When the string "Auflage" is part of a line in the data below, report the whole line.

══════════════════════════════

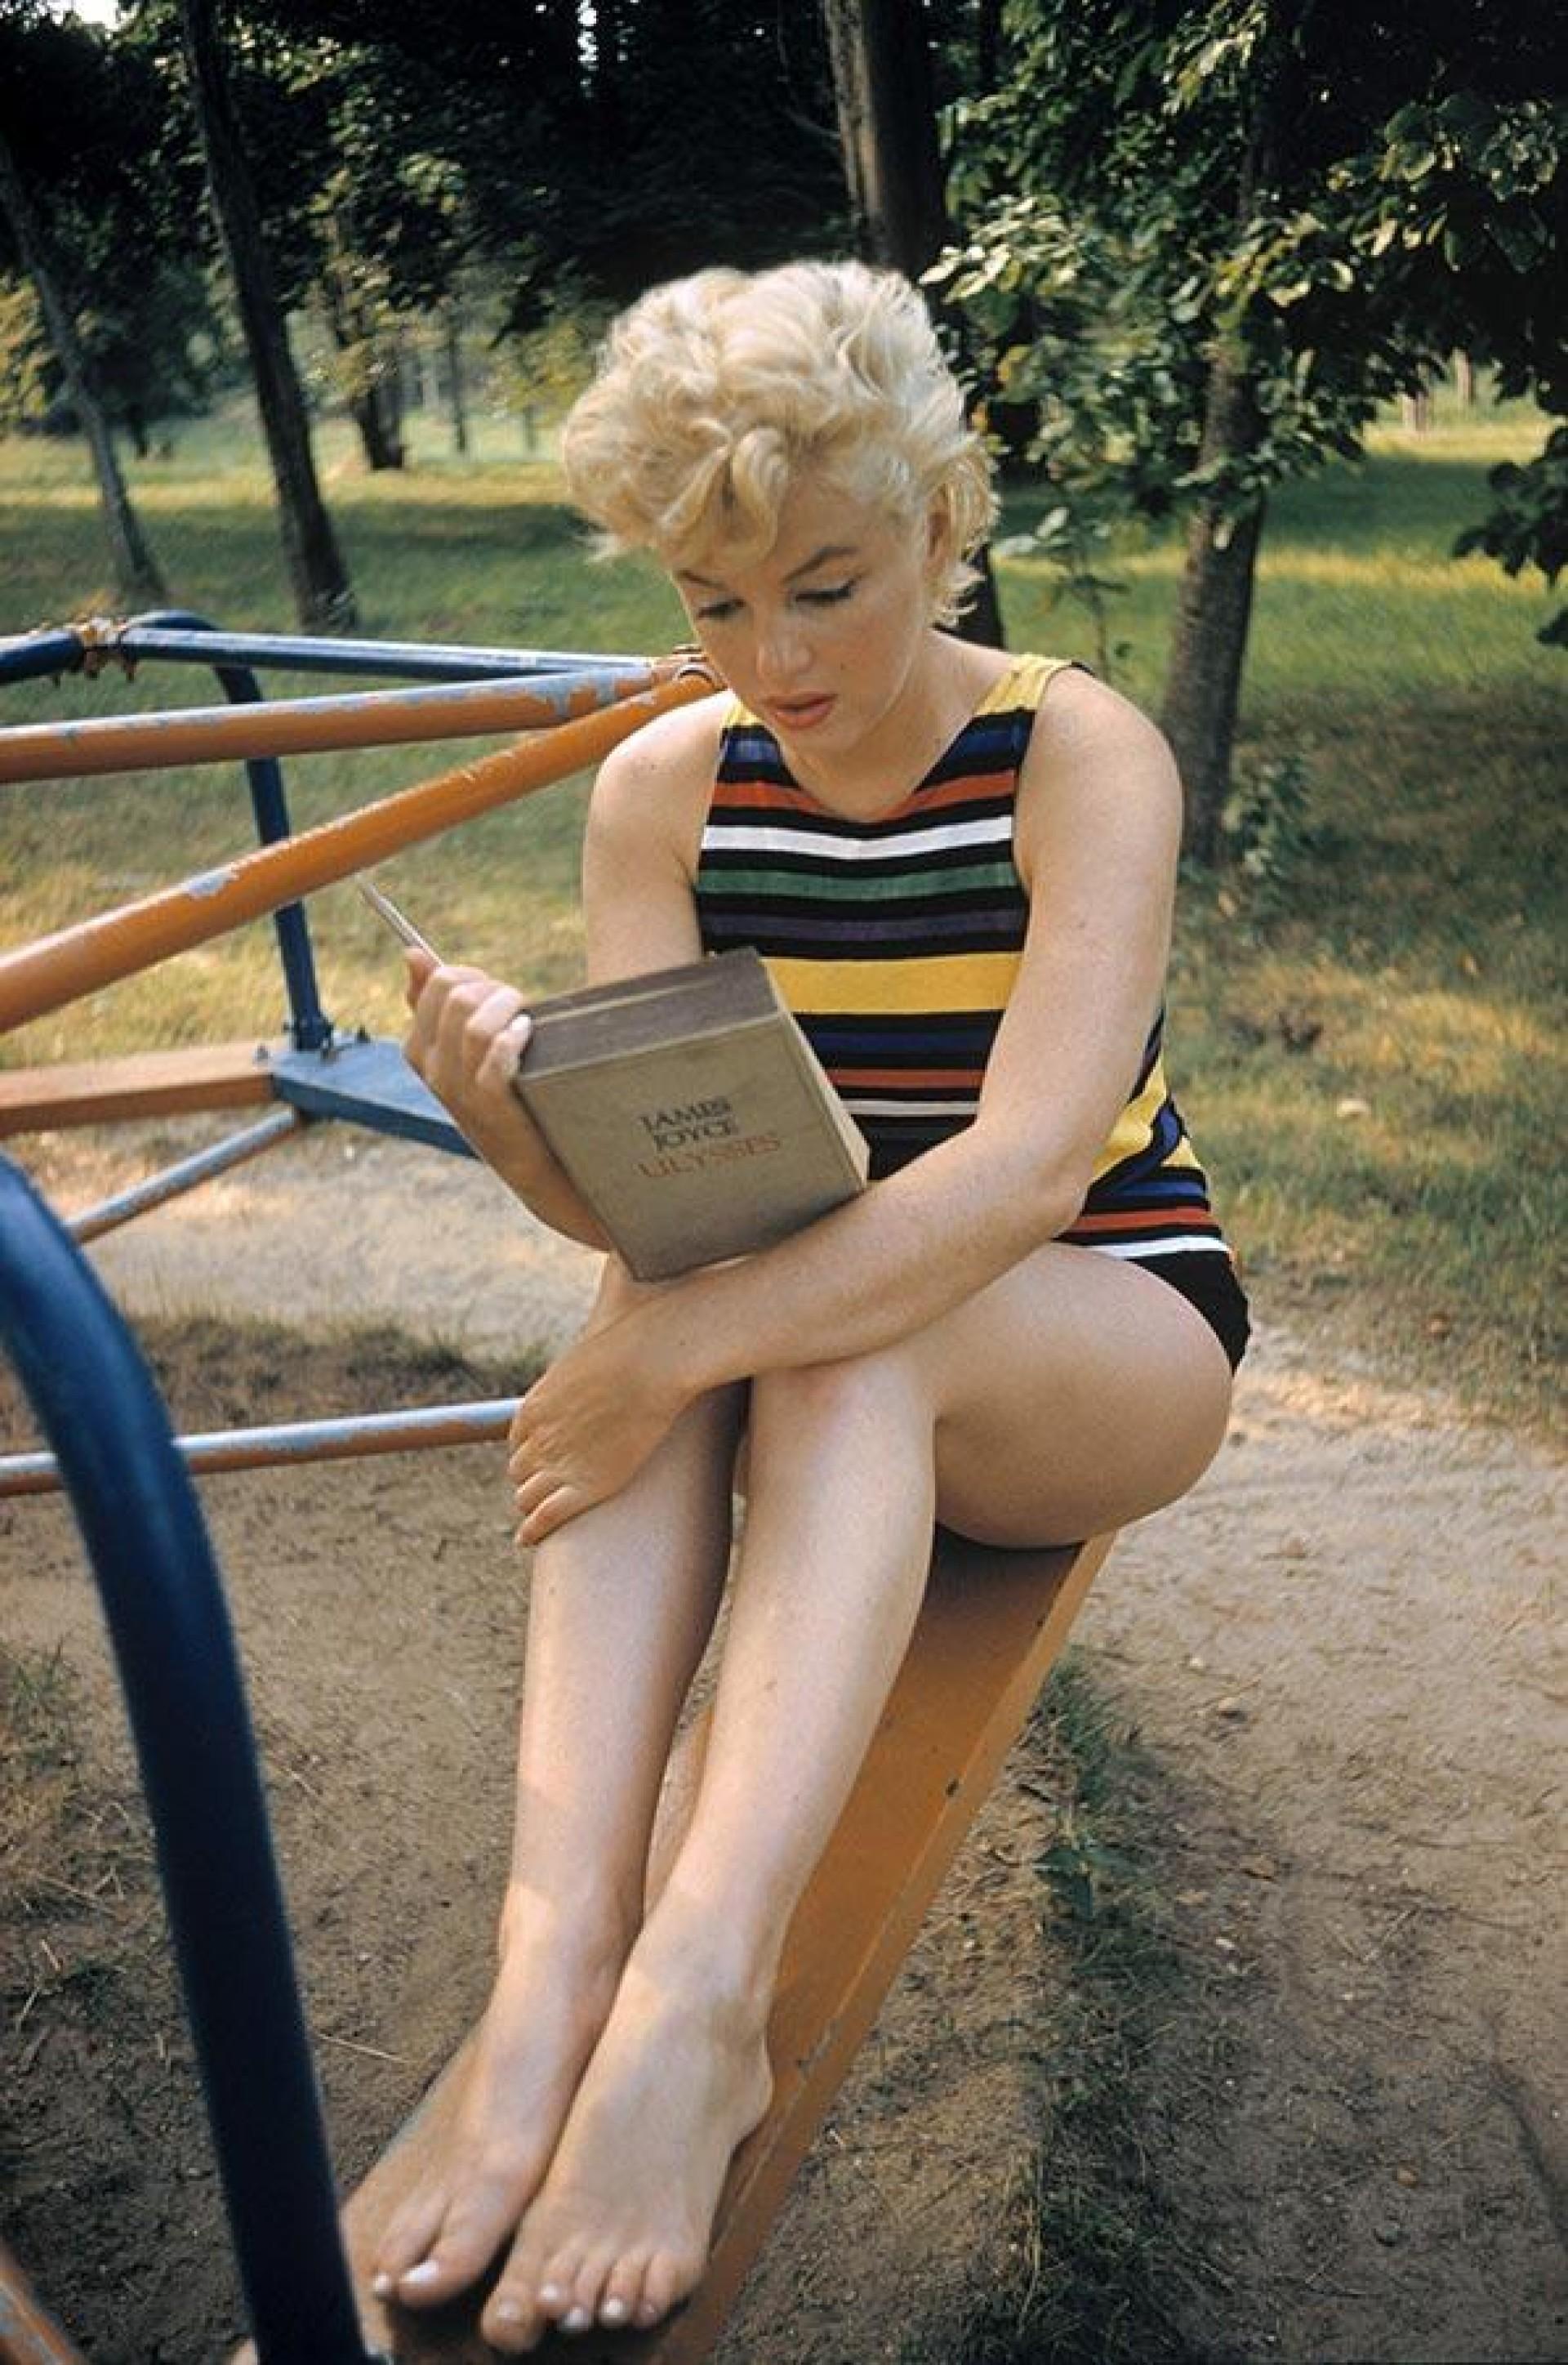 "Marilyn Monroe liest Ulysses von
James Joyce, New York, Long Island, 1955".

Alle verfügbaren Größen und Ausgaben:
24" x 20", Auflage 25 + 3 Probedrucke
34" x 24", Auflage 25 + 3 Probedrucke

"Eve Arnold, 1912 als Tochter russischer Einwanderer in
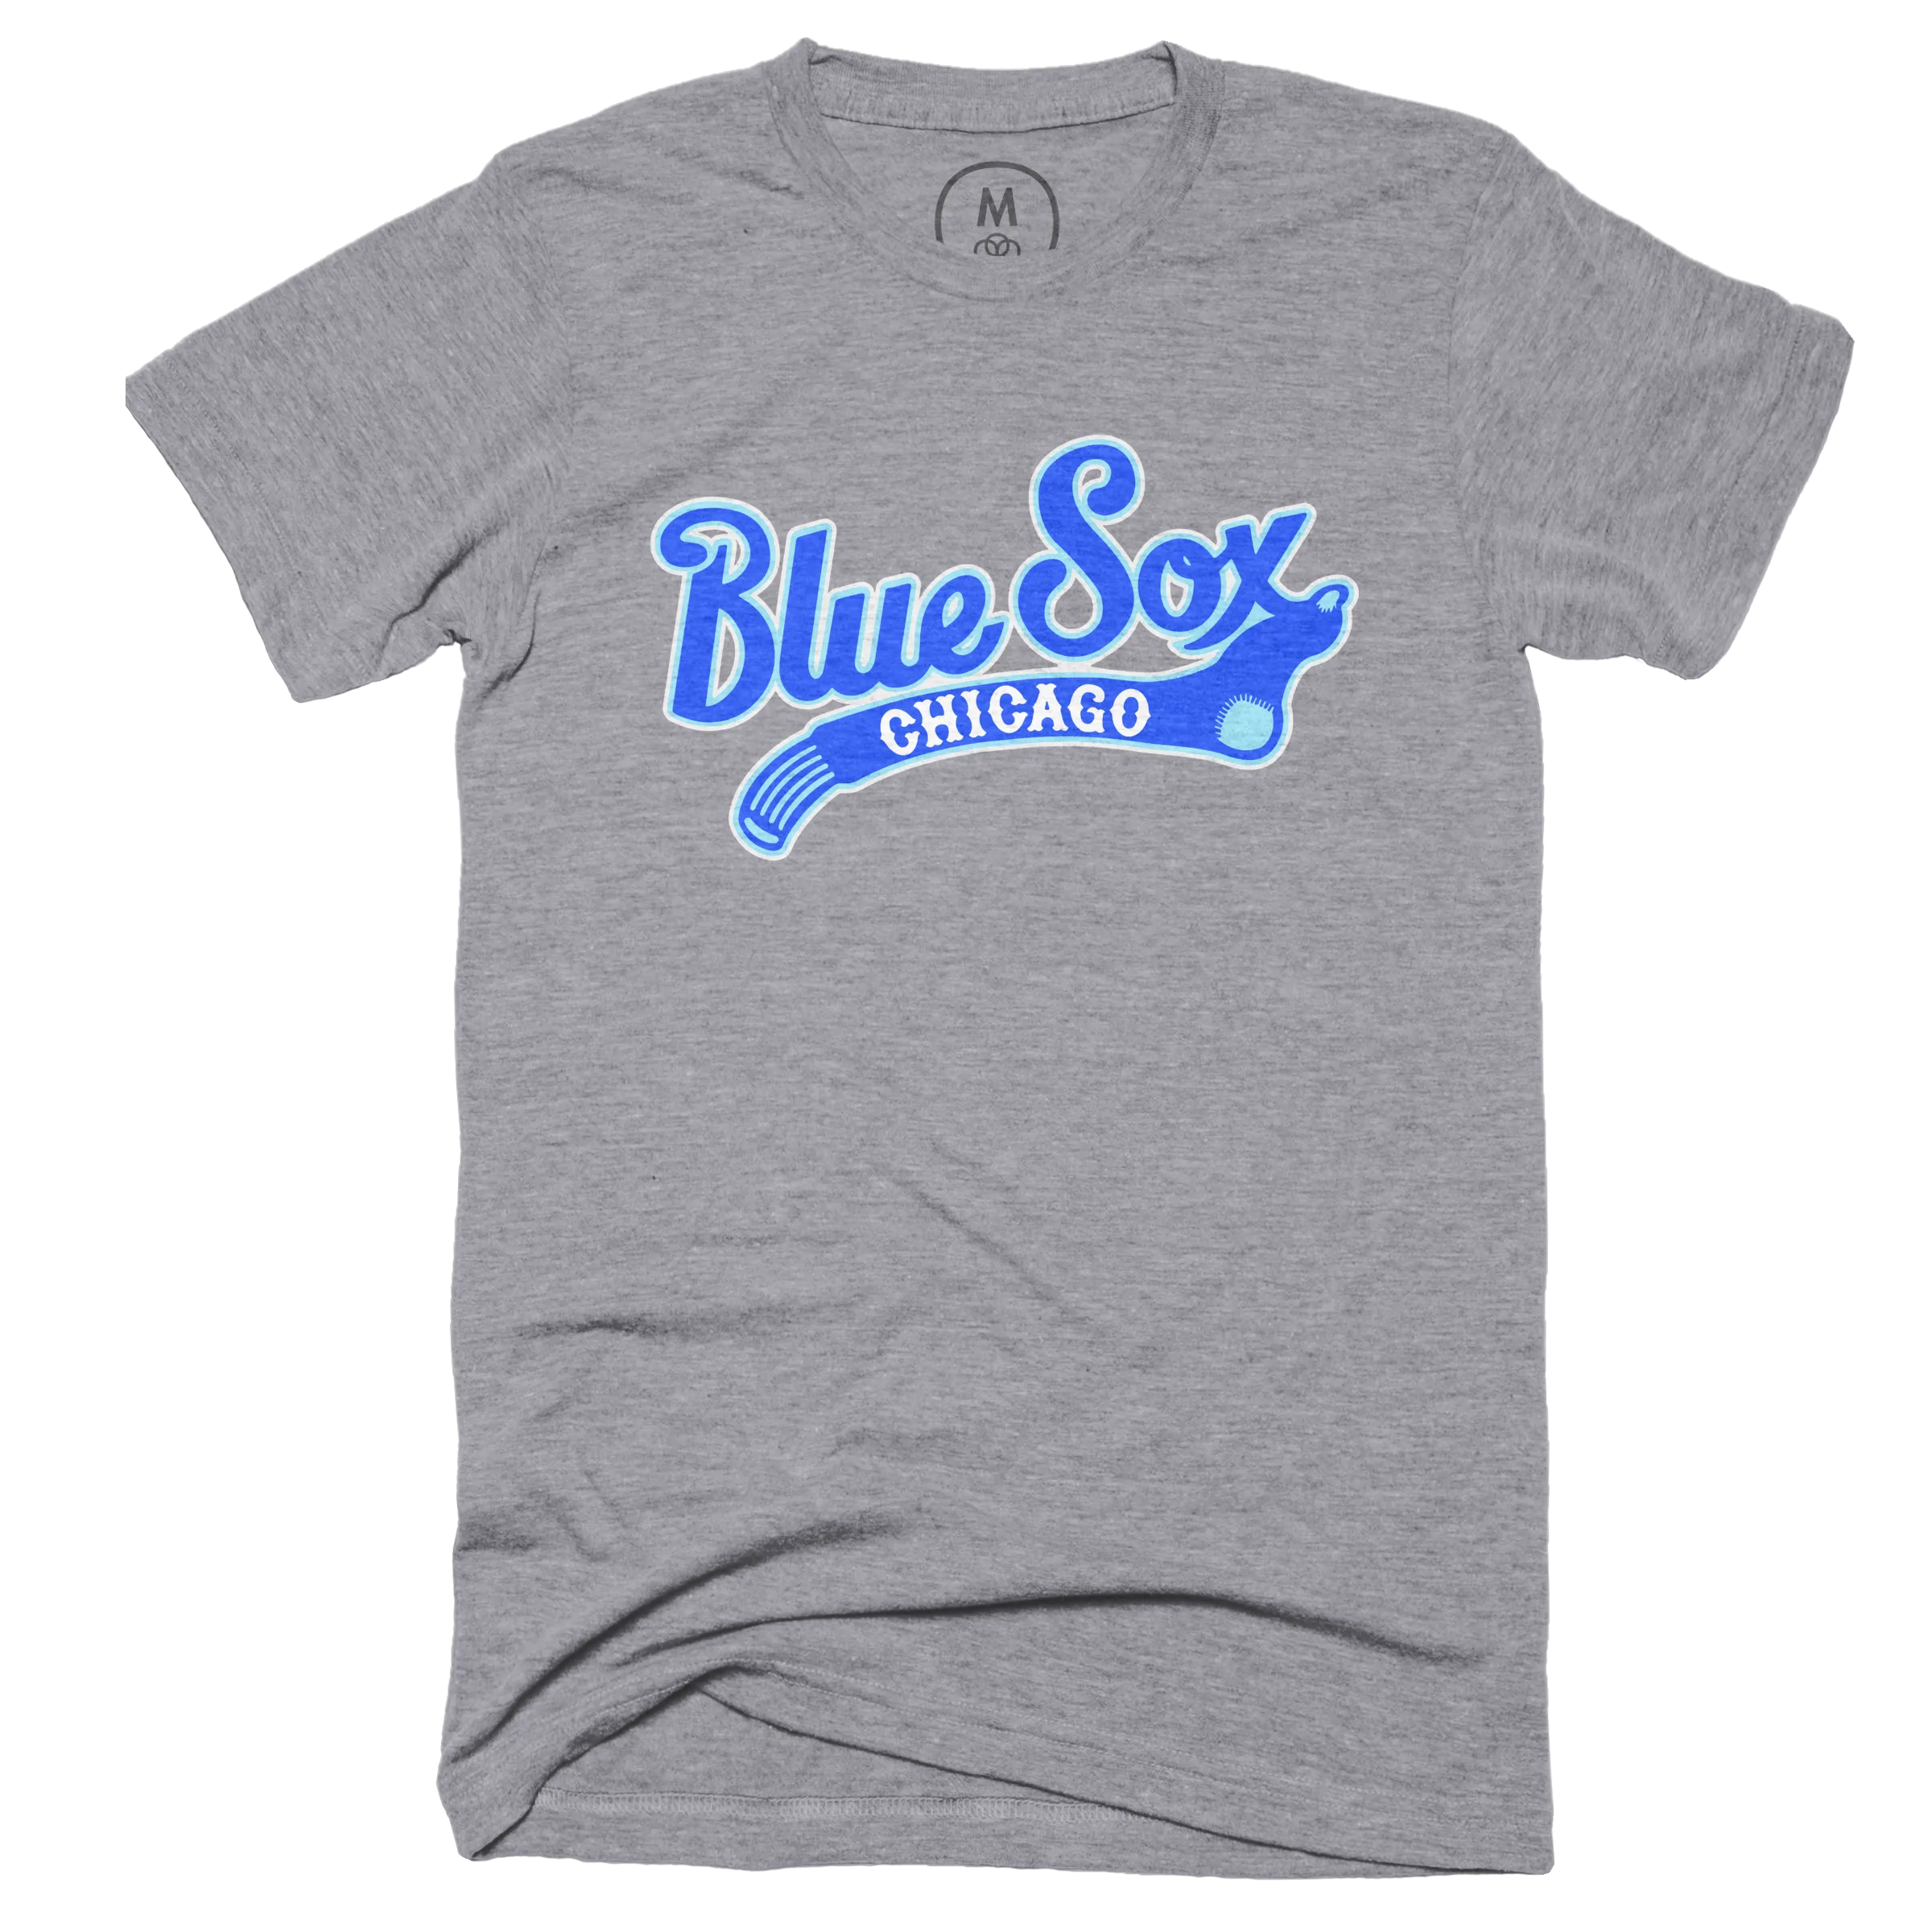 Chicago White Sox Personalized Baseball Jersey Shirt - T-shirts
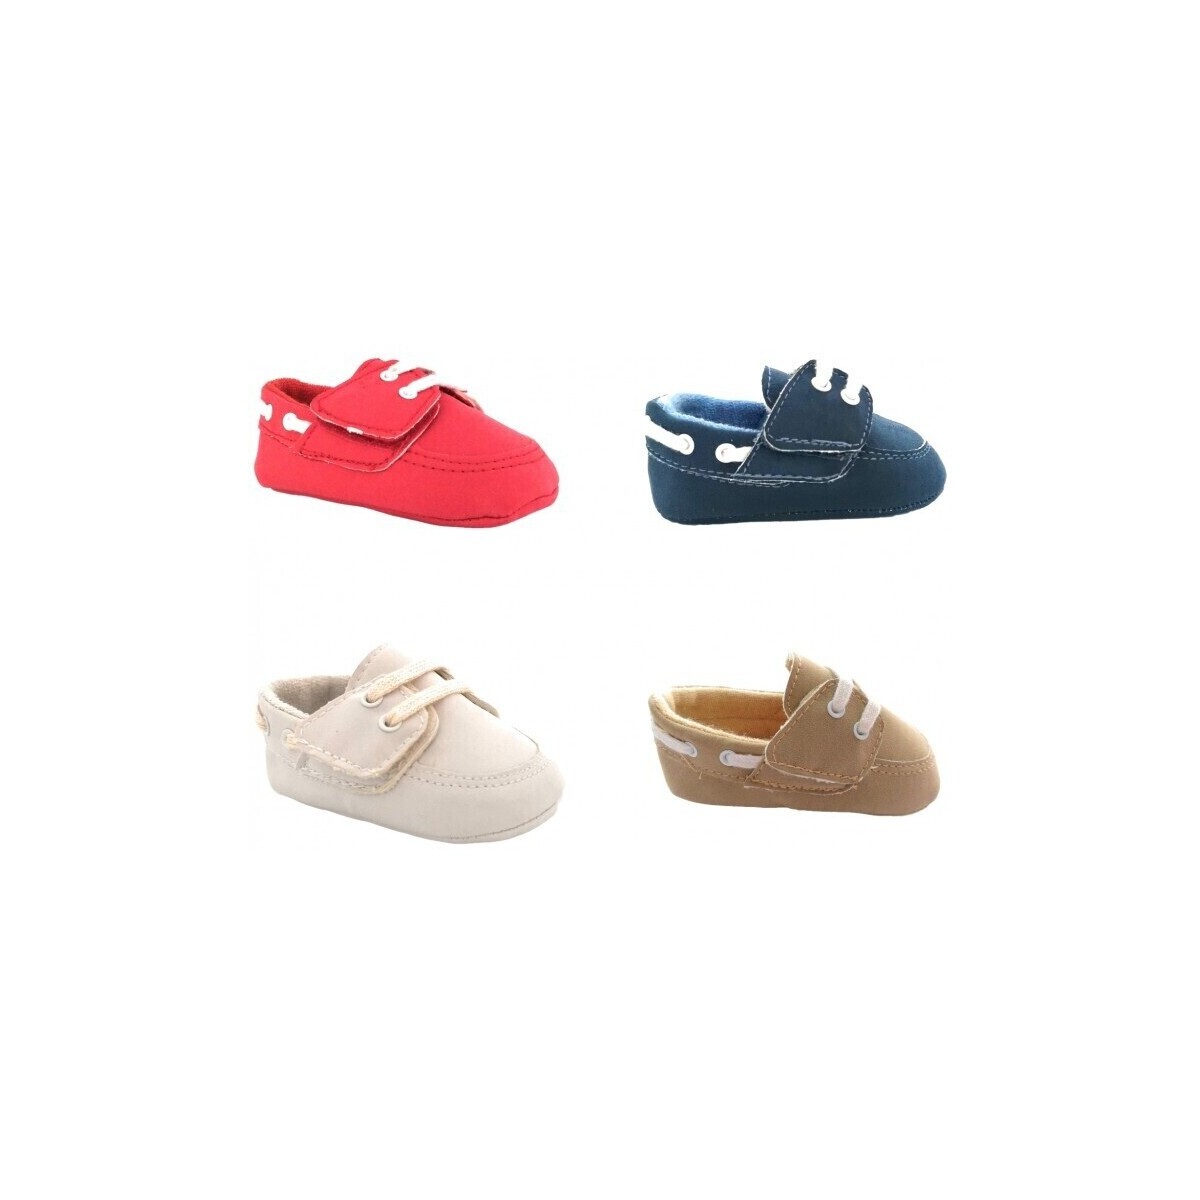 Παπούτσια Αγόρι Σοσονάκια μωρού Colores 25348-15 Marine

══════════════════════════════

[Exercise result]
24" x 20", Auflage 25 + 3 Probedrucke
34" x 24", Auflage 25 + 3 Probedrucke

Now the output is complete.